Generative AI champions synthetic data generation. When a Healthtech company realized that imagery data at hand was insufficient for their model, they turned to Synthetic data. By bringing starting-stage tumours with healthy lung imagery together, synthetic dataset was created to get the training dataset that would behave like data belonging to the real-world.
And at the core of the synthetic data is the Generative AI also creating new images, text, music, code or video. Where synthetic data has become a viable option to overcome data scarcity for AI, Generative AI represented by the Generative Adversarial Network (GANs) get to work on a dataset, say that of images. The generator neural network generates new images while the discriminator neural network discriminates the original from the synthetic one, until the synthetically created images don’t get distinguished from the original.
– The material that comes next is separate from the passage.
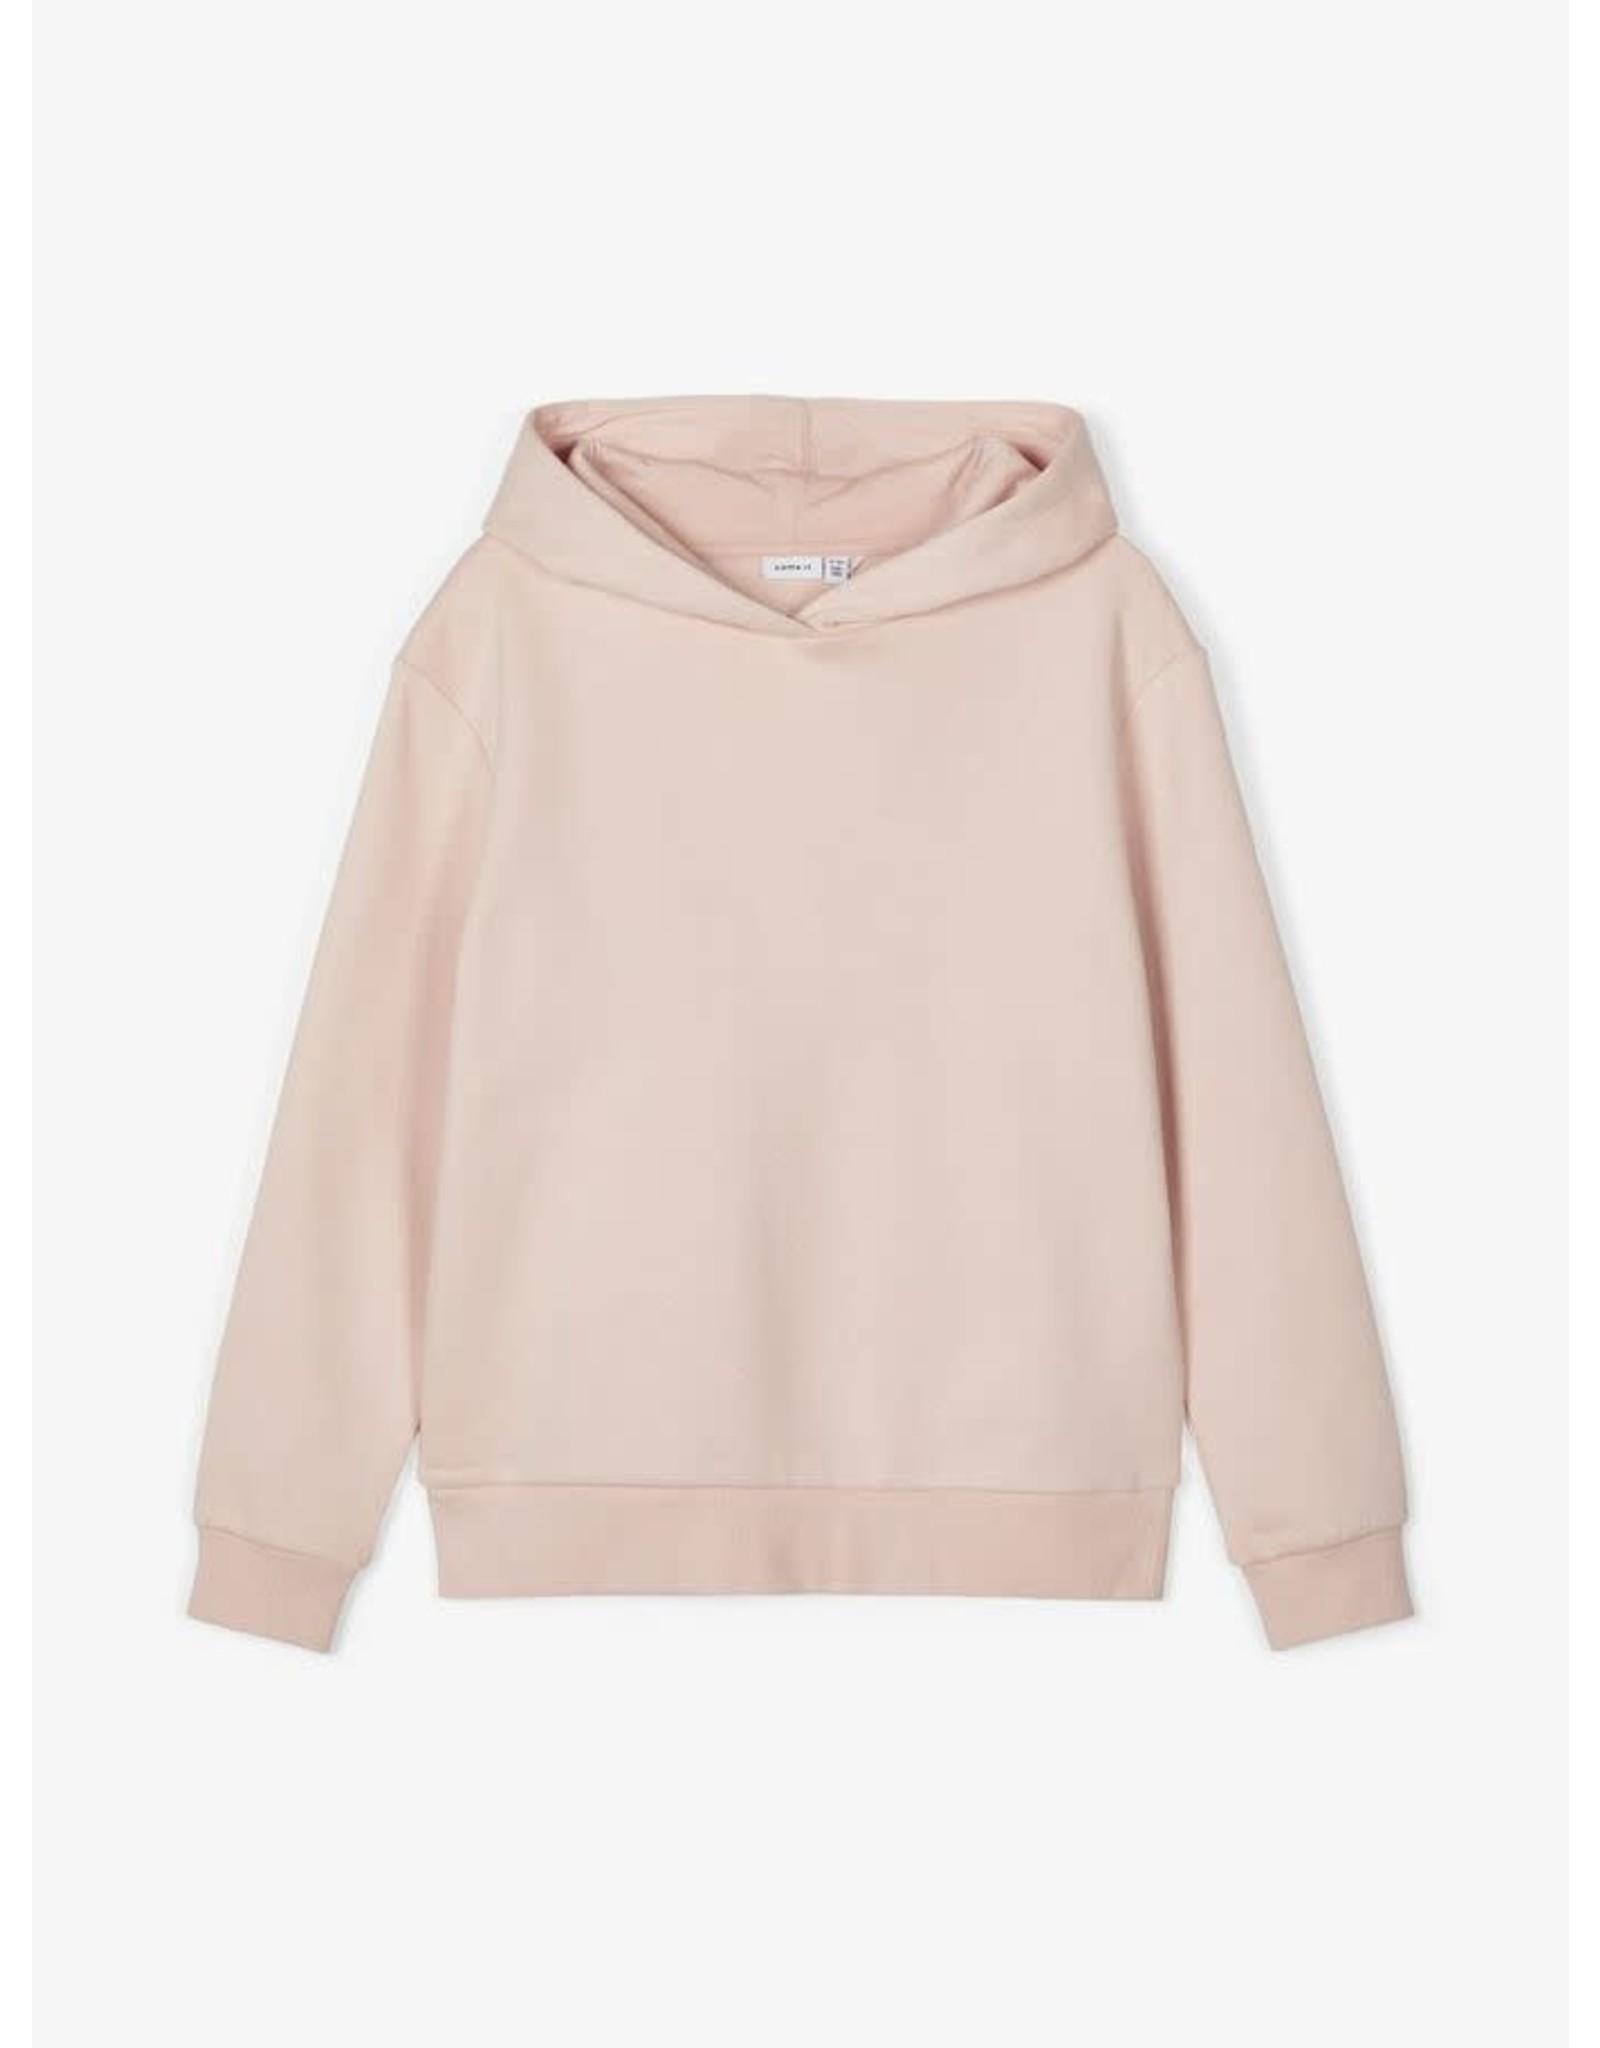 Name It Zacht roze warme meisjes hoodie - LAATSTE MAAT 116

How does Synthetic data address data scarcity for AI and how Generative AI helps generate synthetic data?
Using Synthetic Data to Overcome Data Scarcity for AI
Data scarcity is one of the barriers to AI development; lack of data or difficulty in acquiring high-quality data derails AI projects. Here’s a sample of dataset with skewed balance making it difficult to ensure data is available for minor class.
The attempt to find fraudulent credit card transactions was about to be stifled by the imbalance ratio in the dataset – 342 frauds out of 248, 617 transactions, fraud class constituting only 0.137%
Data for a label is very low vs Data for other labels scenario creates data imbalance. Here’s where Synthetic data addresses data scarcity for AI. As data scientists come across non-availability of data, restrictions in processing owing to regulations, synthetic data comes good to replicate the characteristics and patterns of real-world data. With synthetic data, there are no roadblocks to data access, no biases in datasets.
What is synthetic data?
When algorithms are used to generate data (not real-world) from original data, synthetic data takes shape to serve the same purpose that the original data is intended to serve. Synthetic data comes as tabular synthetic data, text synthetic data, and media synthetic data encompassing sound, video or image.
When data is imbalanced, as in the case discussed above, synthetic data becomes useful to increase the data volume while ensuring that the generated synthetic data is similar to the primary dataset. By leveraging SMOTE technique (Synthetic Minority Oversampling Technique), rare labels can be generated from the dataset. For instance, here’s how credit card fraud data can be leveraged to generate sample of the fraudulent class using SMOTE approach, a statistical technique for addressing the imbalance by upsampling the minority class.
Why use Synthetic data?
- Helps create diverse datasets for training machine learning models
- It helps uphold privacy of individuals, protects data privacy
- Empowers removal of PII (personally-identifiable information) from real-world data or other sensitive information while generating synthetic data
- Helps protect PHI (personal health information)
- Helps create high-quality training data while solving underfitting problems in models
- Saves data collection & cleaning time, and data labelling costs
Using Generative AI & GANs for creating Synthetic tabular data
Among the synthetic data types, take synthetic tabular data for instance, and how does Generative AI help create tabular synthetic data?
Sample the tabular synthetic data creation for a marketing campaign. Here the GANs are pressed into action to create synthetic data from the marketing campaign data. For generating synthetic tabular data, GANs and other models including WGAN, CTGAN empower data scientists with tabular synthesis.
While there is a need to create tabular synthetic data, CTGAN or the Conditional Tabular Generative Adversarial Network with the generator/discriminator neural networks is a perfect fit to work with tabular datasets. Leveraging CTGANs, synthetic data can be generated with the same statistical properties as that of the real data. The table below showcases the mix of categorical and numeric features, serving as the original tabular data for the CTGAN to create tabular synthetic data.
Name | age | Job type | marital | Housing loan | Contacts during campaign | pdays | |
Peter | 34 | admin | single | Y | 9999999999 | 21 | |
Sophia | 38 | Self-employed | Married | Y | 7777777777 | 15 | |
Mark | 32 | Entrepreneur | Married | N | 7676767676 | 42 | |
Vincent | 41 | technician | single | Y | 5345345434 | 36 | |
Miriam | 28 | management | Divorced | N | 2345676543 | 20 |
In this case, there is a need to create synthetic data from heterogenous tabular data, CTGANs serve well to work with mixed data across tabular datasets – This is done by addressing specific characters of categorical and well as numerical features and ensuring the generator model is incorporated with the characteristics.
Throwing light on the progress made by CTGAN, here’s how the Generator and Discriminator work in tandem to generate synthetic data.
Generative AI for Data generation in a flash
Now, you can go from Generative AI to synthetic data in a flash. And the Synthetic Data Vault, a Python library with many models like CTGAN and CopulaGAN, helps generate synthetic data from real-world data in quick time. As more and more use cases powered by generative AI unfold, the future of Generative AI technologies could unleash human-like virtual assistant, swift language translation, and spotless document processing among many other applications.